Inventory and box up the items that have some value and get them into the attic or garage.  For me this is truly a case of out of sight out of mind, I have not missed one item that I have done this with.  The next step for these items is out the door!

Sell a few things on Ebay, and give the rest away to friends, thrift shops or Freecycle.

Just learn to let it go and relieve yourself of the burden!

I tell people I feel like the old pioneers crossing the prairie in a covered wagon, as the journey becomes more difficult I find myself leaving my possessions on the side of the trail as I head towards my new life!

Good luck!


----------



## Ken N Tx

I would think the the declutter service is aimed at hoarders...


----------



## Jackie22

Hoot N Annie said:


> A good friend of mine had a minister tell the congregation "everything you own will some day be in a garage sale".  Truth.  It's all just stuff.  When we die, all of our memories go with it and those things we treasure, well, they're just stuff to our children and grandchildren.

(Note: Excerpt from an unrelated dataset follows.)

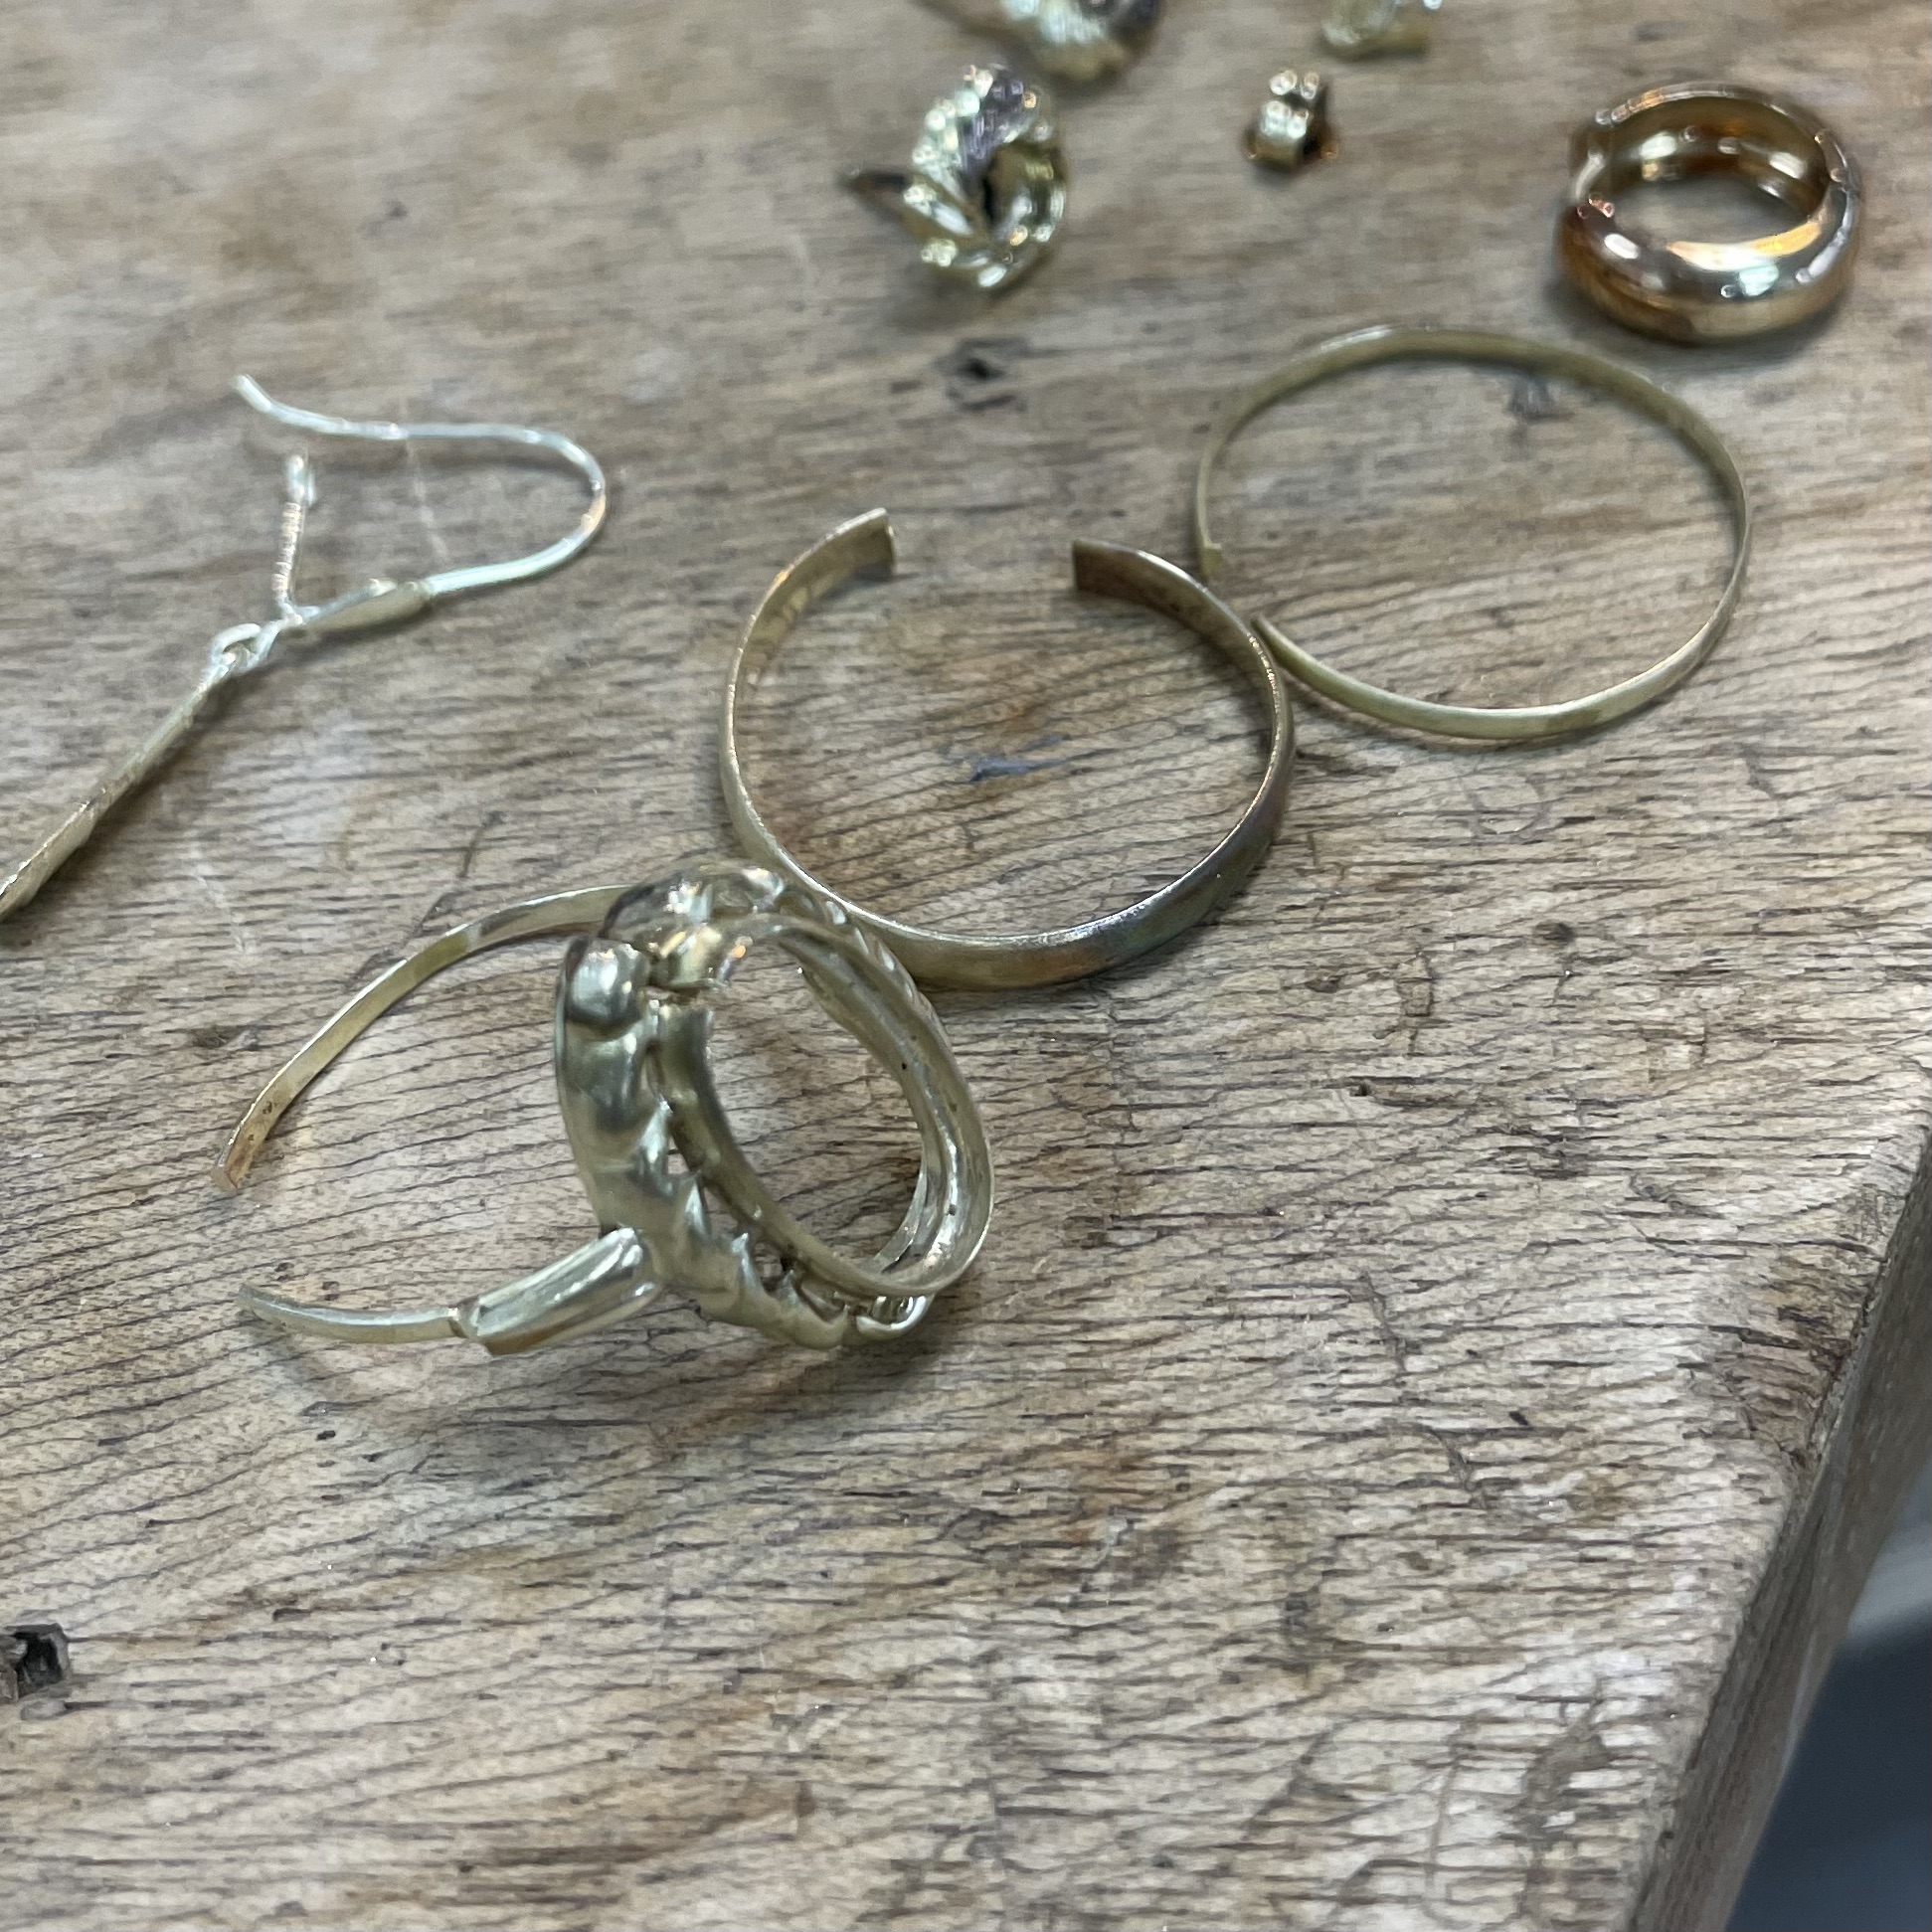 jewellery repairs | jewellery repair | beltrum | sarah kobak | gold jewellery | repairs

.....this is true, I've been the one to clean out homes of my relatives that have passed on.
I'm continuing to get rid of stuff, if it is usable, the kids get it, if not, it is thrown away.


----------



## Myquest55

> I tell people I feel like the old pioneers crossing the prairie in a covered wagon, as the journey becomes more difficult I find myself leaving my possessions on the side of the trail as I head towards my new life!



Oh, I like that analogy!  

We keep asking ourselves   "Do we NEEEED this?"  and  "Do we want to pay to move it to Maine?"  Another thing I suggested to my boys - "If you were going to live on a boat, would you have room for this?"

We paid money for all of this stuff but do we want to pay MORE money to keep it?  Some of these things are tough to consider.  I like the suggestion of boxing it up and setting it aside for a while.  As for family things - I have two very old sewing machines - one from my grandmother and one from my mother-in-law.  I have no use for them and really don't want to pay to move them to Maine.  I have no daughters to pass them to, so....they have to go.  I WILL keep the silver creamer and coral necklace that were passed down - smaller and easier to pass on.


----------



## fureverywhere

I know many people hold garage sales but I just couldn't do it. There are certain things with emotional meaning. For me it seems depressing to slap a price tag on and have strangers prowling through my stuff. I prefer to just box and donate. But I'm still looking into the value of my MIL's crystal and the Boyd Bears.


----------



## debodun

It IS depressing to be told over and over again that the items my mother collected and paid top dollar in the 1970s are practically worthless today. She paid $300 in 1977 for a green Depression glass luncheon set for 8 (you know what that would be in today's money?). With everyone decluttering, the market is flooded with doo-dads. Supply is high; demand is low.


----------



## jujube

It actually gets easier and easier to let things go once you get started.  I had the usual hard time at first....."oh, this cost so much money....how can I sell it for less?"   But it just gets easier to ask yourself if you actually need it and who are you saving it for?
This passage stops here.